Washington D.C., May 27, 2021 / 14:01 pm (CNA).
A religious liberty law firm says a national newspaper edited a gender description in an opinion piece by one of its clients, attributing the changes made after publication to “hurtful language.”
Chelsea Mitchell, a female track-and-field runner, is one of several athletes represented by Alliance Defending Freedom (ADF) who are challenging Connecticut’s transgender sports policy.

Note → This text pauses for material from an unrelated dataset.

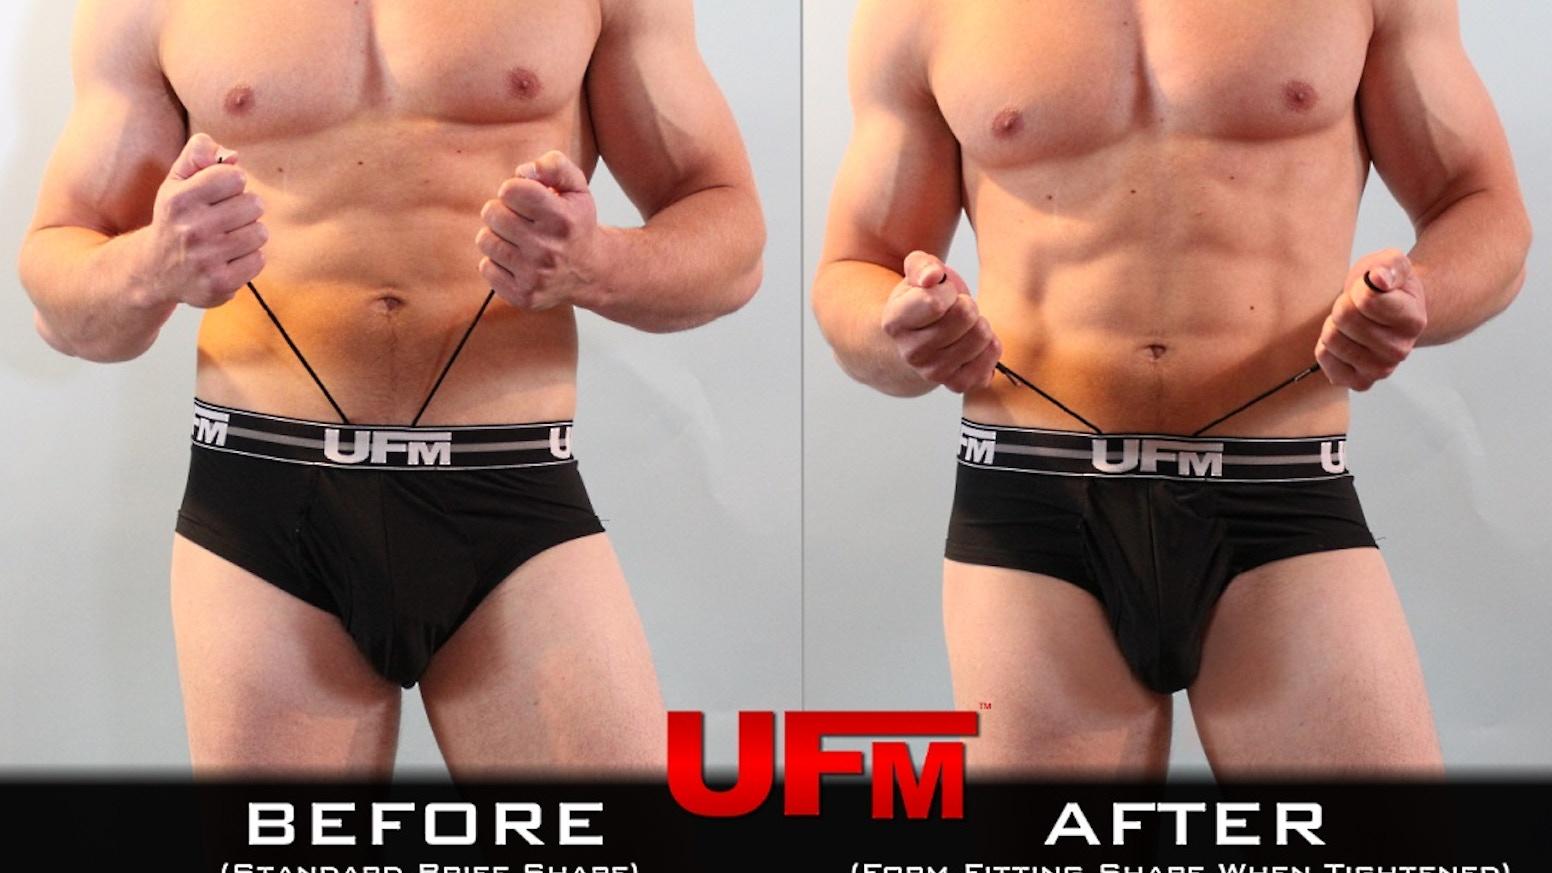 6a18de36ee20 Men's Briefs w/ Adjustable Pouch - UFM Underwear For Men by Eric ...

She had penned a May 22 opinion piece in USA Today arguing that “males have massive physical advantages” over biological female athletes – referring to her lawsuit over having to compete against biological males identifying as transgender females.
Elizabeth Ray, director of media relations for ADF, told CNA that USA Today published Mitchell’s opinion piece on Saturday, May 22. On May 26, however, Mitchell’s words “male runners” – referring to males identifying as transgender females – were amended to “transgender runners.”
An editor’s note was added to her piece, stating: “This column has been updated to reflect USA TODAY’s standards and style guidelines. We regret that hurtful language was used.”
Ray said that the publication did not notify ADF or Mitchell of the changes. She said that ADF has requested the second sentence regarding “hurtful language” in the editor’s note be removed.
A spokesperson for USA Today did not immediately respond to a request for comment from CNA on what changes were made and what “hurtful” language was used in the article.
“The editors put words into Chelsea’s mouth without notice and after the piece was published,” Ray said, adding if the newspaper “determined an editor’s note was desired, it could have done so without altering Chelsea’s words.”
“Assigning ‘hurtful’ motives to her at the top of her own opinion piece is an insult,” Ray said. “Chelsea used the term ‘male’ only to refer logically to the biology of the competitors she raced against, which is the primary point of the piece and important for context. There can be no argument that the transgender athletes that she competed against are biologically male.”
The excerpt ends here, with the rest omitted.